Va bene ribadire il dogma della carne, perorare la causa già vinta della fettina, fin troppo ovvio. Ma perché dar contro ai vegani, minoranza risibile fra i mangianti e totalmente esclusa da ogni accesso televisivo? Che bisogno c’era di vilipendere in tivù (naturalmente senza contraddittorio) degli invisibili, degli autentici fantasmi? E’ il cuore di mamma, o i macellatori han messo mano alla sacchetta? Siamo vecchi di questi boschi: gli sponsor sono forse inquieti, hanno annusato qualcosa che non sia il solito odore di cadavere arrosto, le indagini di mercato non confermano le solite rassicuranti cifre? Non è che nel coro di voci rosse degli onnivori si cominci qua e là ad avvertire qualche dissonanza vegana?

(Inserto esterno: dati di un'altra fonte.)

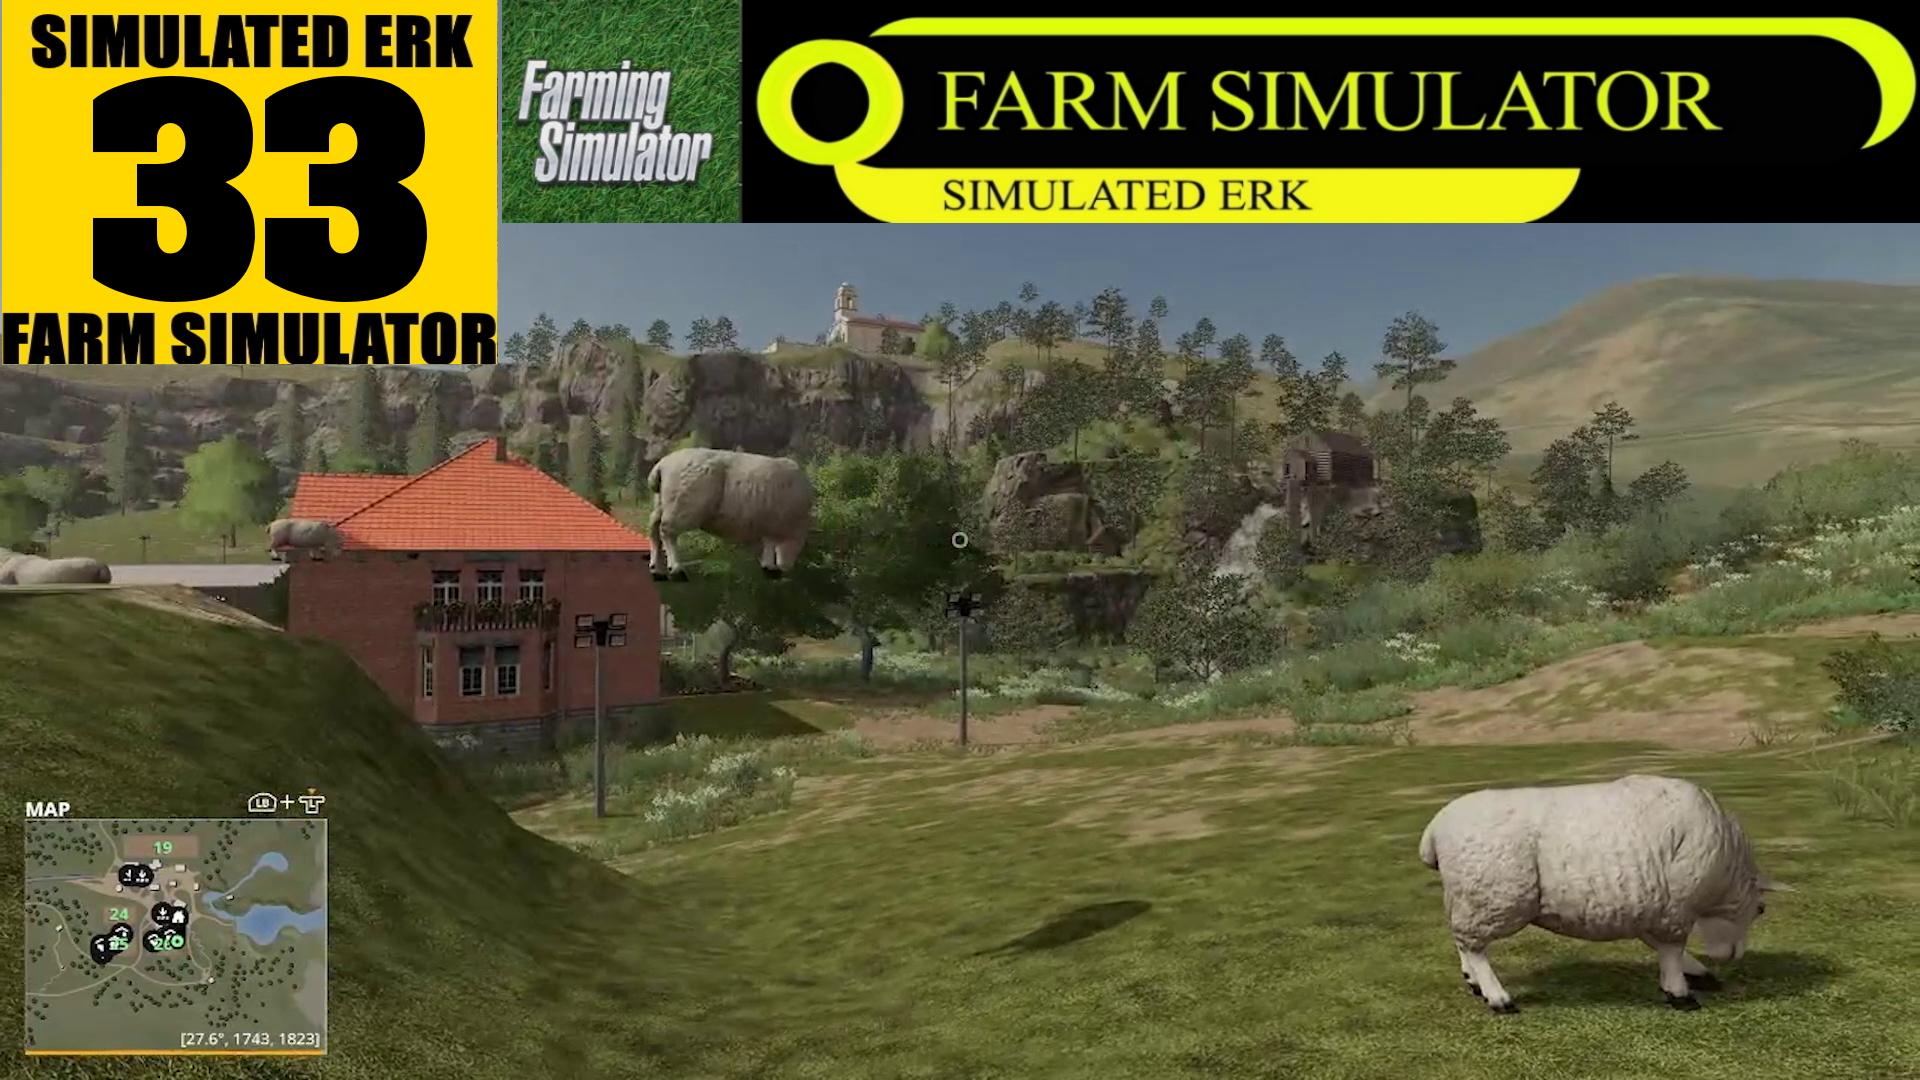 Simulated Erk: Farm Simulator episode 33 | This Isn't Landscape Simulator!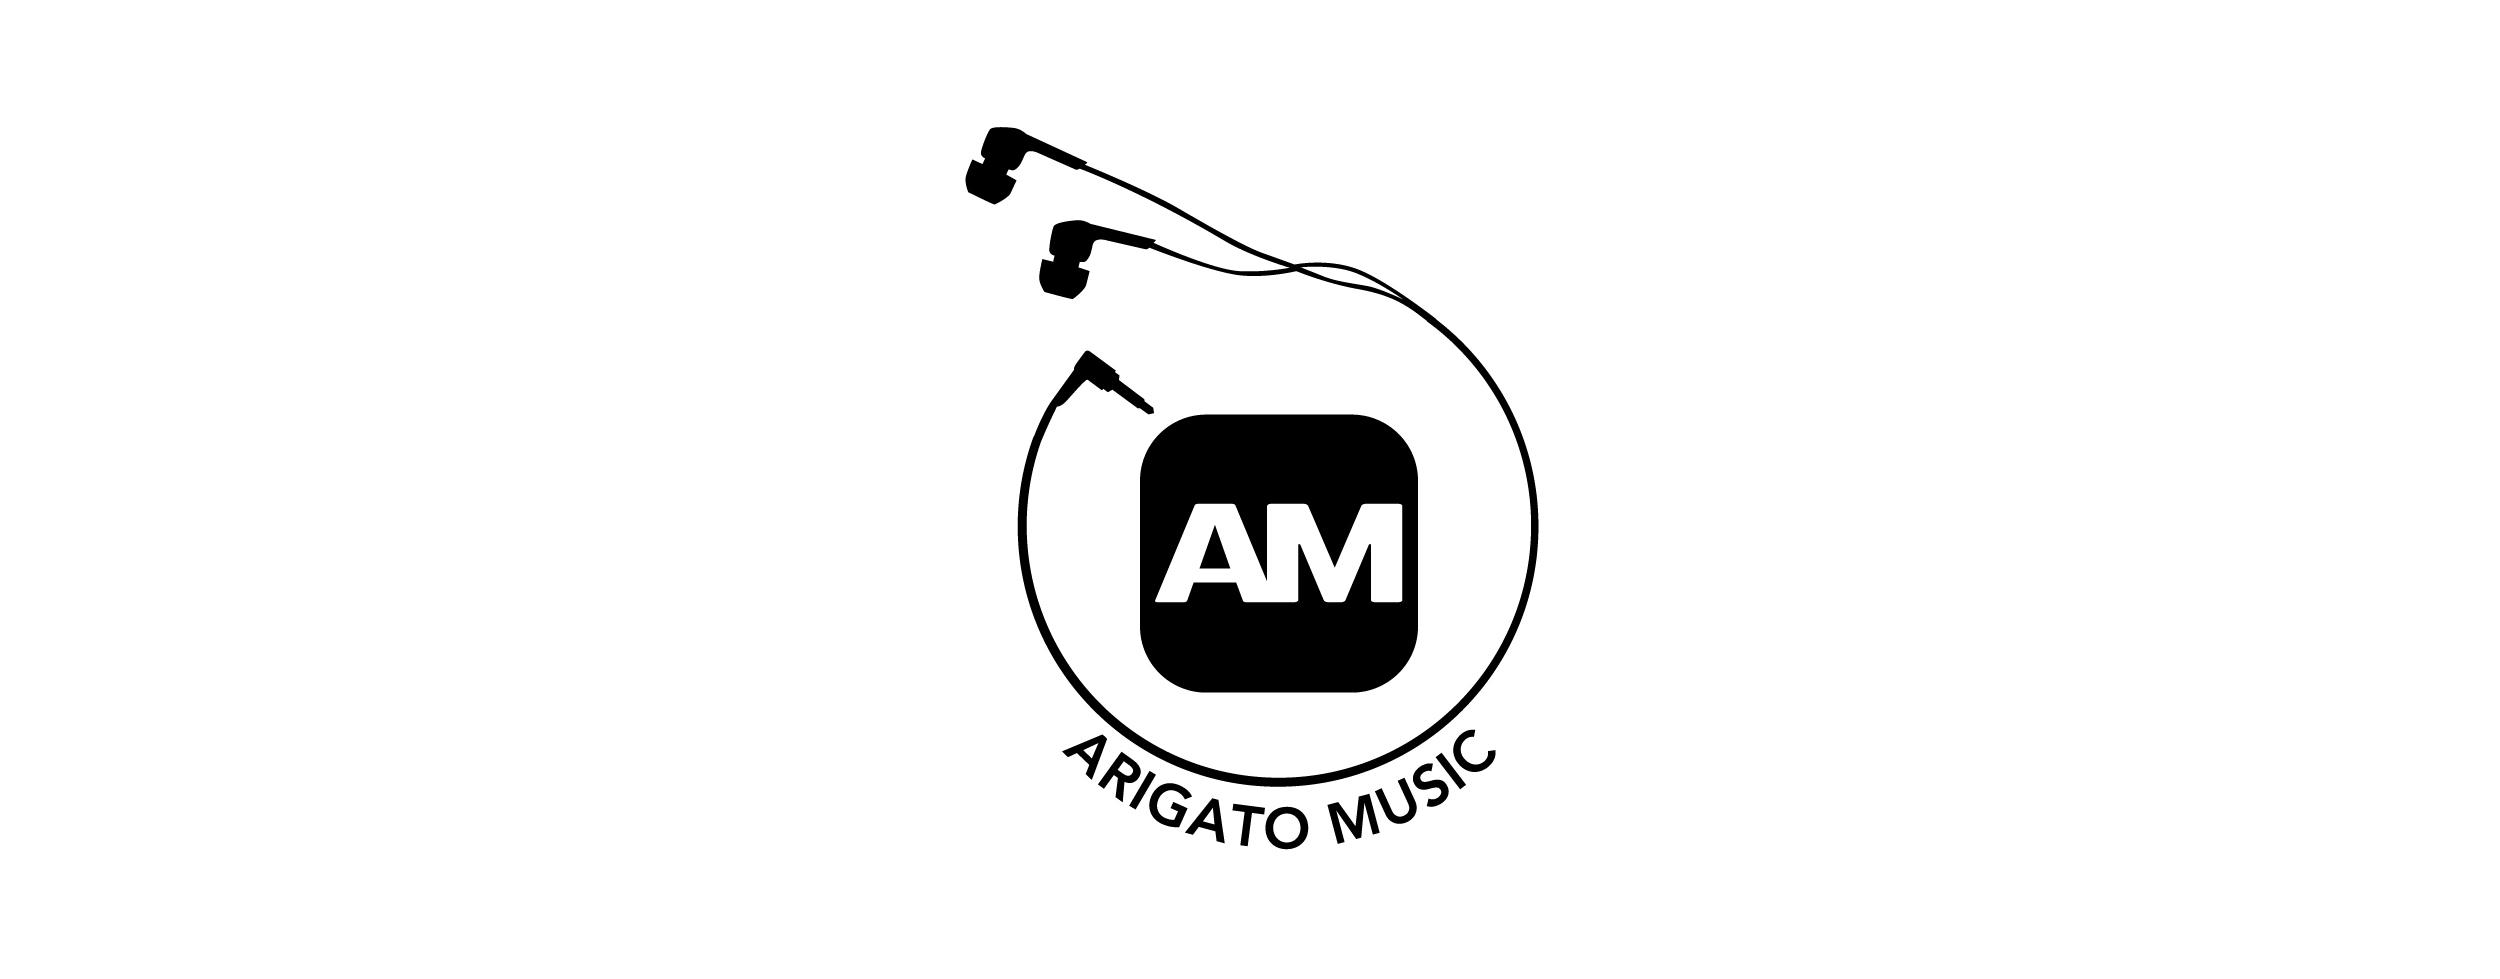 Amtop_newb

Non sarà che a poco a poco i vegani stiano diventando i convitati di pietra?

Ora che Sua Procacità è debordata in extra-size, ha aggiornato il personaggio e ritarato il target, ci vuole una dieta. Ha da essere efficace e rapida eppure non troppo drastica, lo schermo impone. Si scatena la chiacchiera, le chat turbinano, nel bailamme si coglie un pettegolezzo (solo una voce, beninteso) che giura su una detox… Ma perdìo, la detox è roba d’impronta vegana assai, niente proteine di origine animale, disintossica purifica e dimagra ma non più di una settimana, oltre si è a rischio depressione (sic!). No, non è possibile! Quella tirata della bistecchina voleva forse celare il vizio privato della veganità (parziale e temporanea, of course) dietro la pubblica virtù del conformismo onnivoro? O, viceversa, si ribadisce fedeltà integralista ai luoghi comuni alimentari del pubblico per nascondere meglio un radicale cambiamento di pensiero e di scelte? E come confessarlo senza buttare a mare in un solo istante di verità un personaggio che ci si è cuciti addosso in anni di lavoro e di onorata fiction? Già, perché qui è in ballo la carriera. Chi capirebbe?

Intendiamoci, son solo fantasie di un vegano disincantato e orgoglioso. E poi costei non la conosco, l’ho vista solo mille volte in tv, cioè mai. E ho girato subito. Io mangio bene.